Interview: Dana Fowley, Rape victim

IT IS the simplest word in the world, the most natural. Almost every language on earth has developed a word for mother that is closely linked to the first distinguishable sounds a human baby makes. Ma, mama, mae, ami. That's how instinctive we feel the concept of mother is. But Dana Fowley is struggling. The word will not form easily on her lips. It requires effort. "I hate saying the word mum," she says. "I hate it."

Betrayal is only possible by people of whom we have expectations. There are few more instinctive expectations than those a child has of its mother. Dana Fowley was just five when her stepfather, Billy King, first sexually abused her when they were alone together. The next day, she was relieved to see her mother, Caroline Dunsmore, at home when she arrived back from school. Her mother had never been very warm, but Dana noticed how strangely cold her eyes were that day. Dunsmore held her own child down while King raped her again.
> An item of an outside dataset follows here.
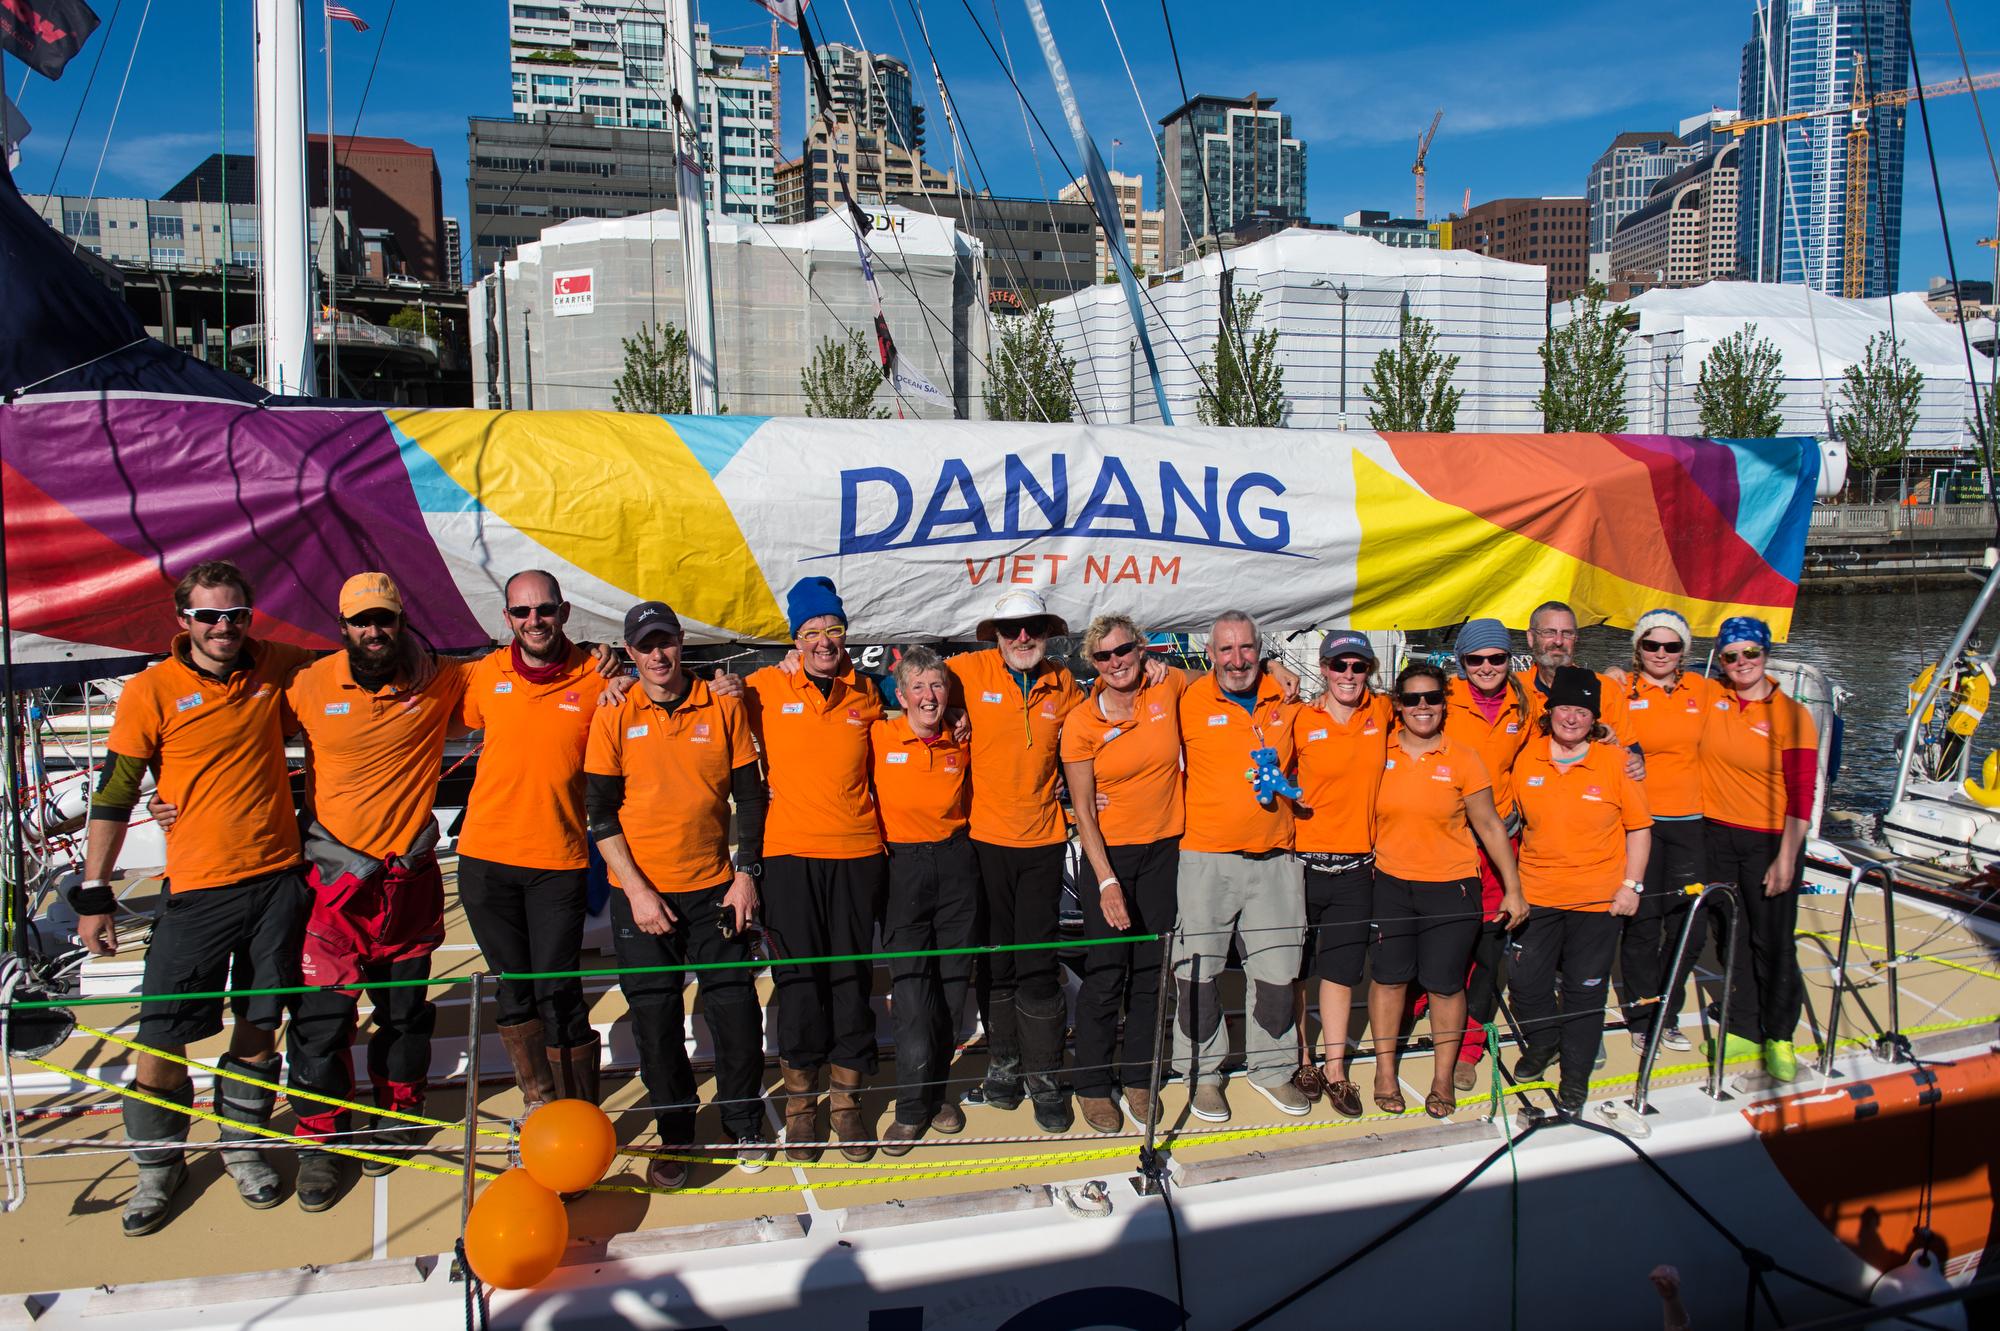 Da Nang Vietnam arrives in Seattle. Clipper 2016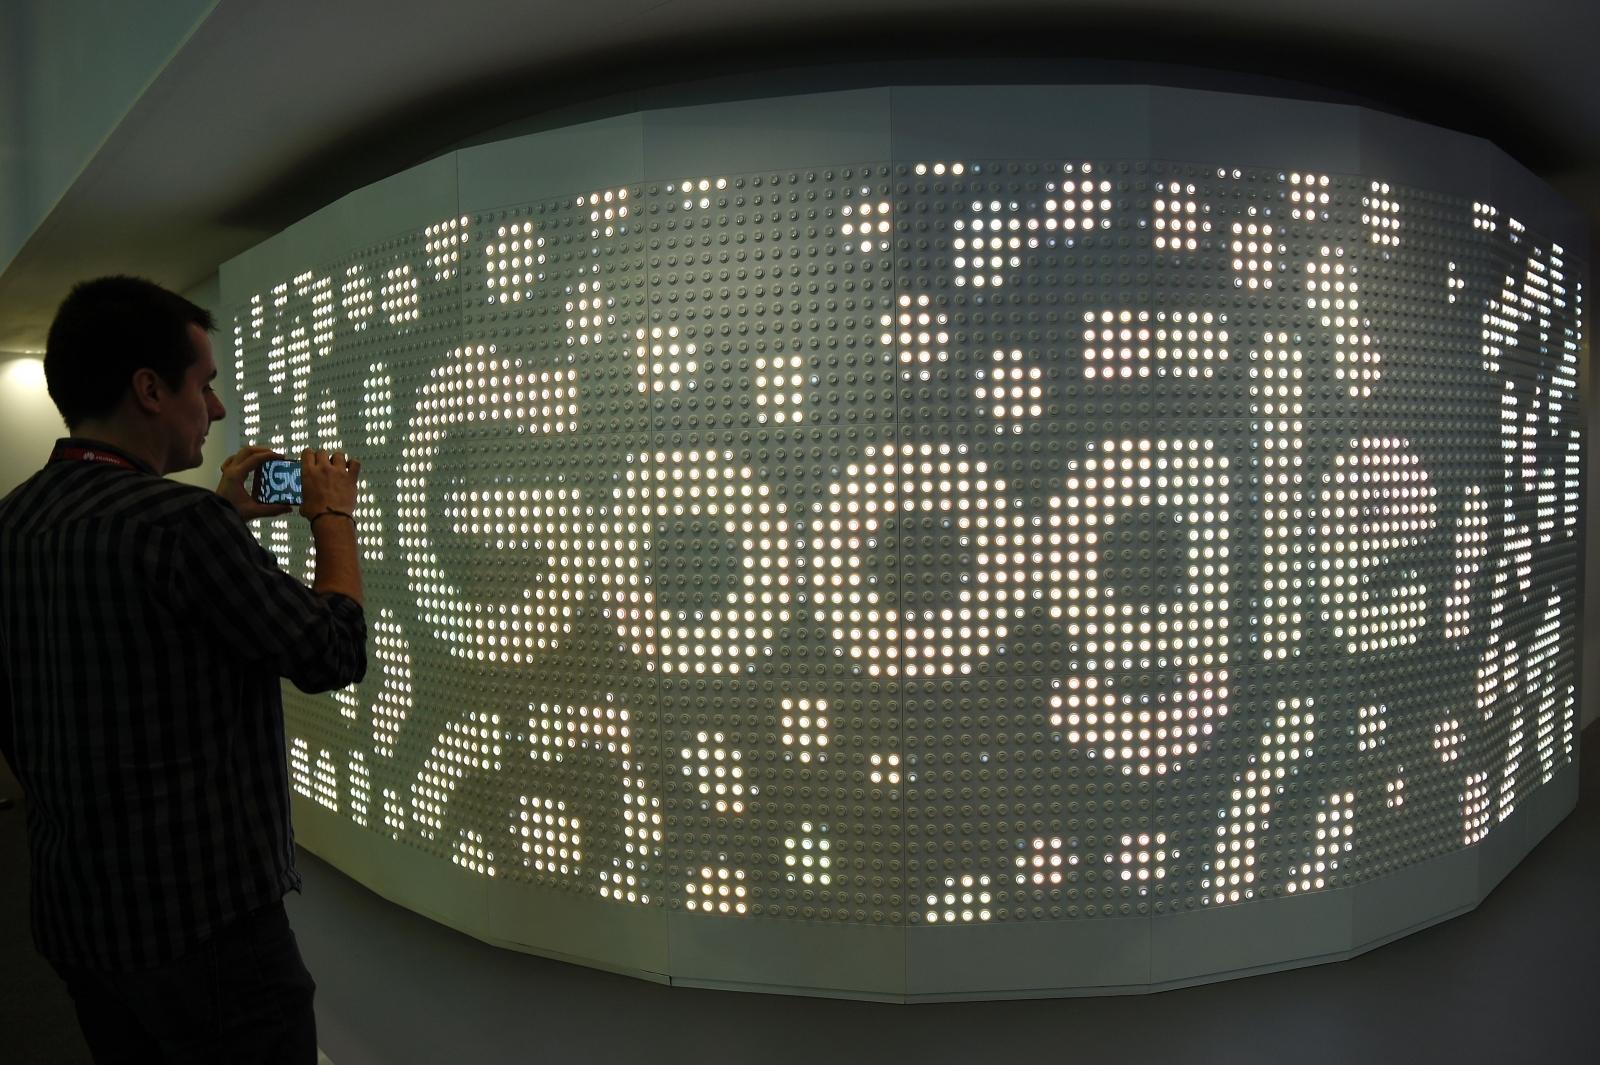 Google is 'a bully' says Vivaldi CEO

Last year, the case of Vanessa George, the nursery worker convicted of abusing children in her care, brought the subject of female abusers to public attention. George's case was shocking because it seemed so unusual. In fact, Childline has recorded a 132 per cent increase in children reporting abuse by women in the last five years. In 2004, 993 children told the charity they had been abused by a woman. In 2009, that figure had risen to 2,142 and 445 of those cases were in Scotland. "The majority of sexual abuse is perpetrated by men," acknowledges Dr Lisa Bunting, a senior researcher with the NSPCC, "but you do no service whatsoever to victims if you don't acknowledge abuse by women. What do you do when those cases occur if you can't get your head round it?"